What you have to do:
The material below holds the lines to copy: from the one with "Lets Express 24.963 as afraction" up to and including the one with "Benefits of using IoT in the supply chain". Copy them exactly and skip the pictures.

Records supplied:

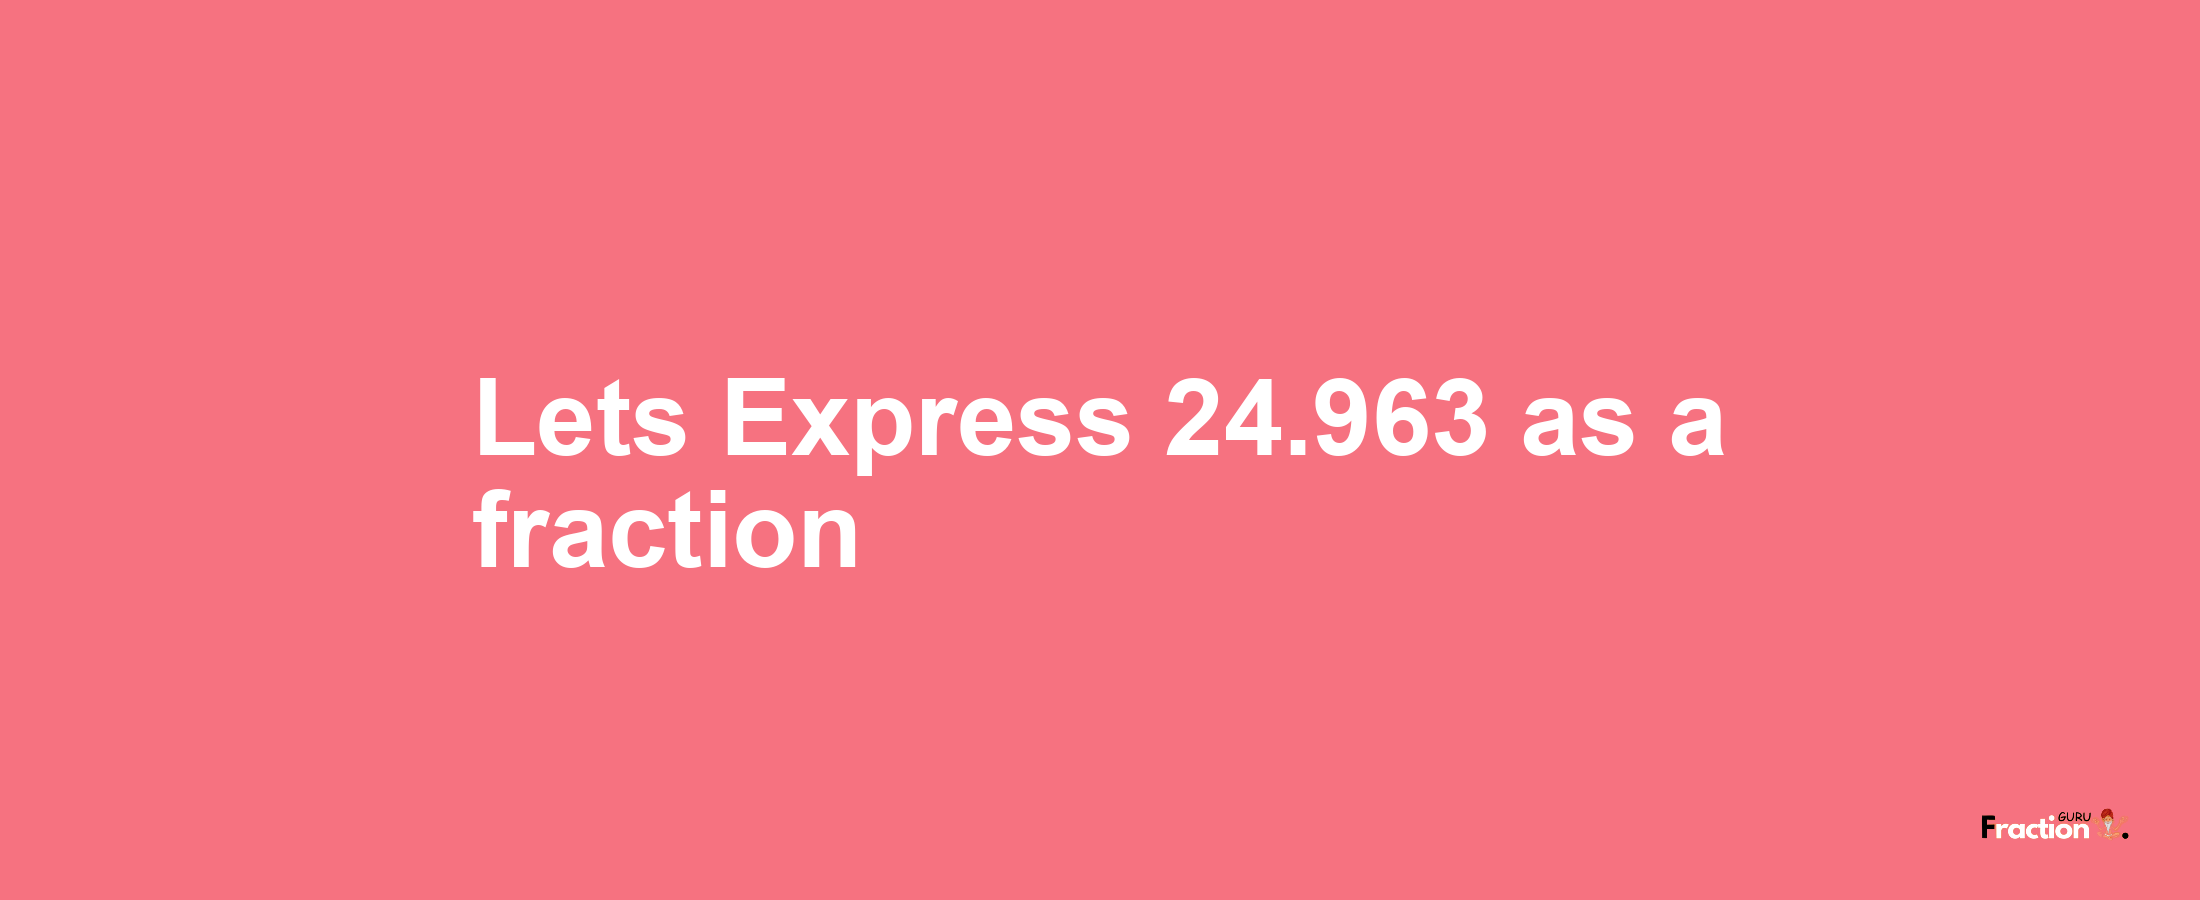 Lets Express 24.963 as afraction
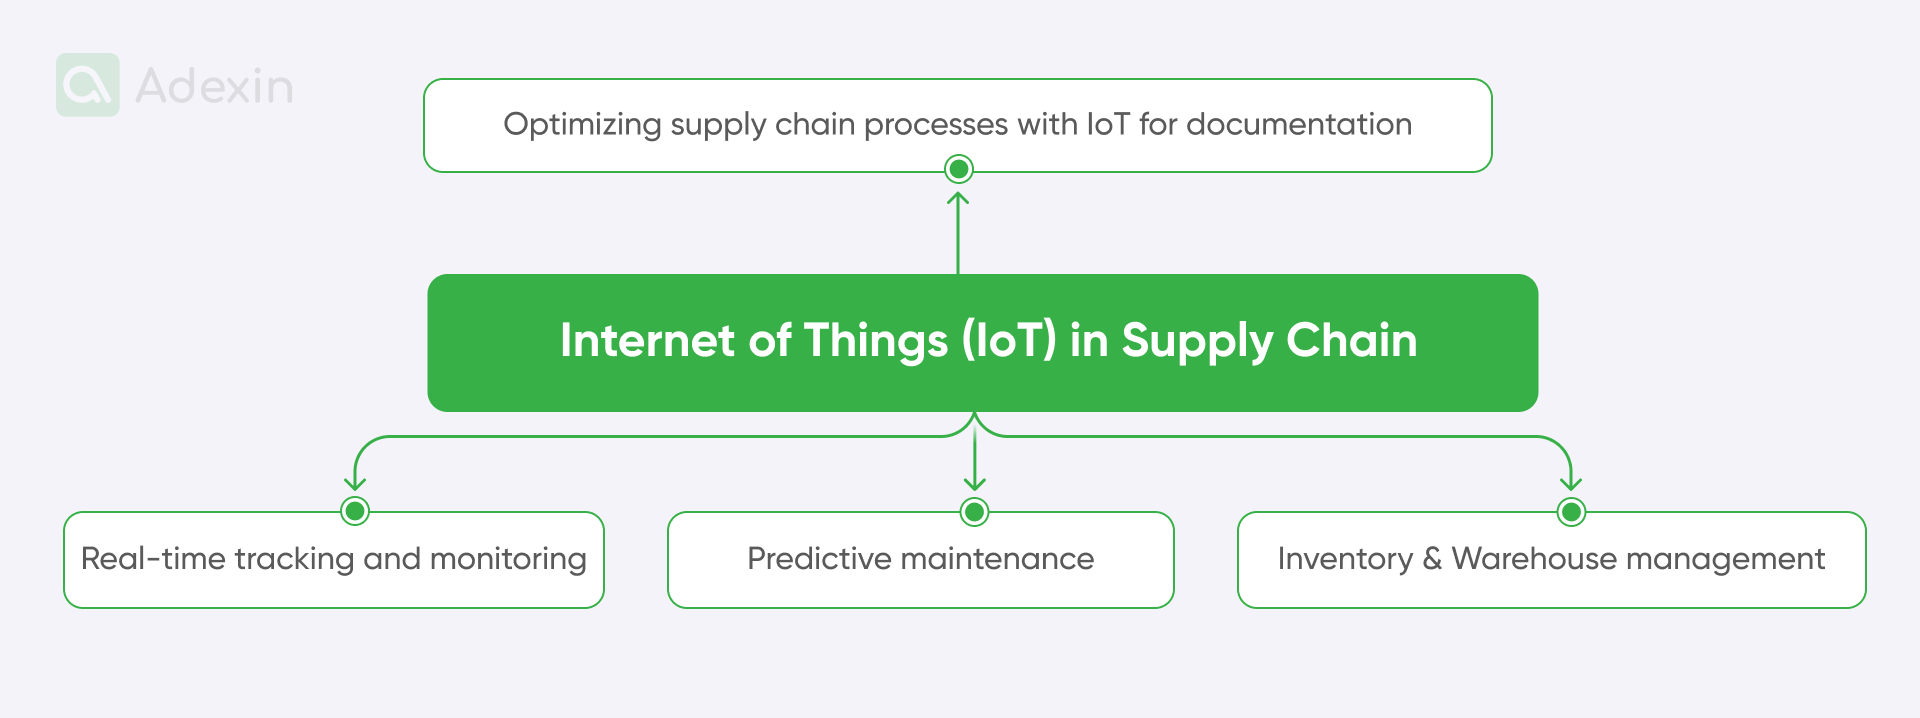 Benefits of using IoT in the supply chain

* * *

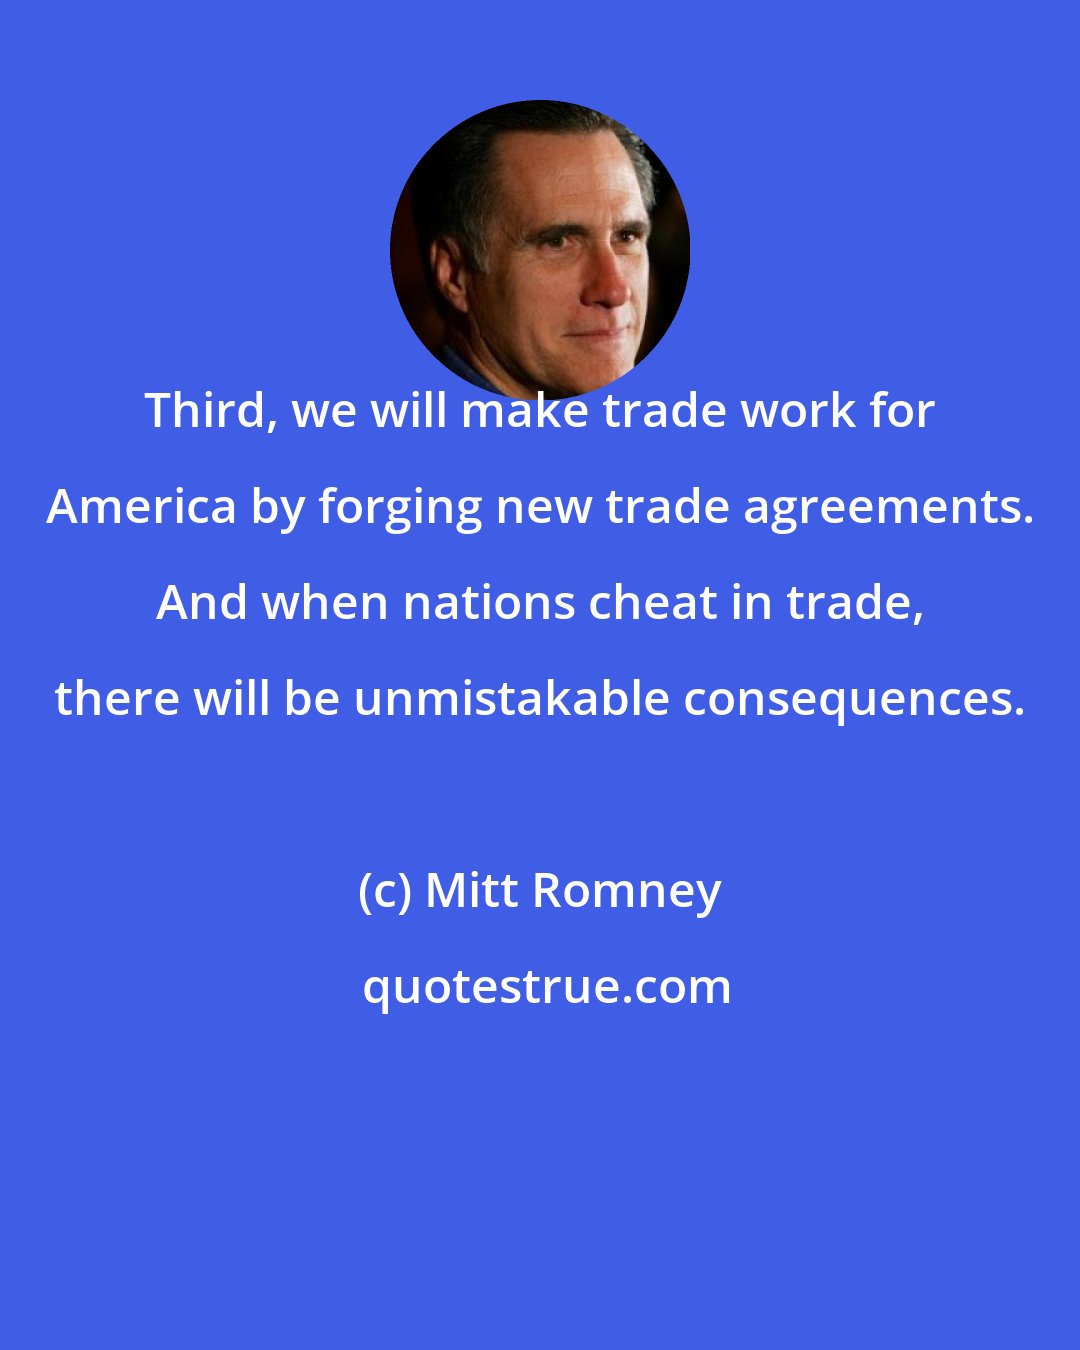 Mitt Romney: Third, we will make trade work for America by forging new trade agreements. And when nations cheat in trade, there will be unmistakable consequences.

The completed task:
 Lets Express 24.963 as afraction
 Benefits of using IoT in the supply chain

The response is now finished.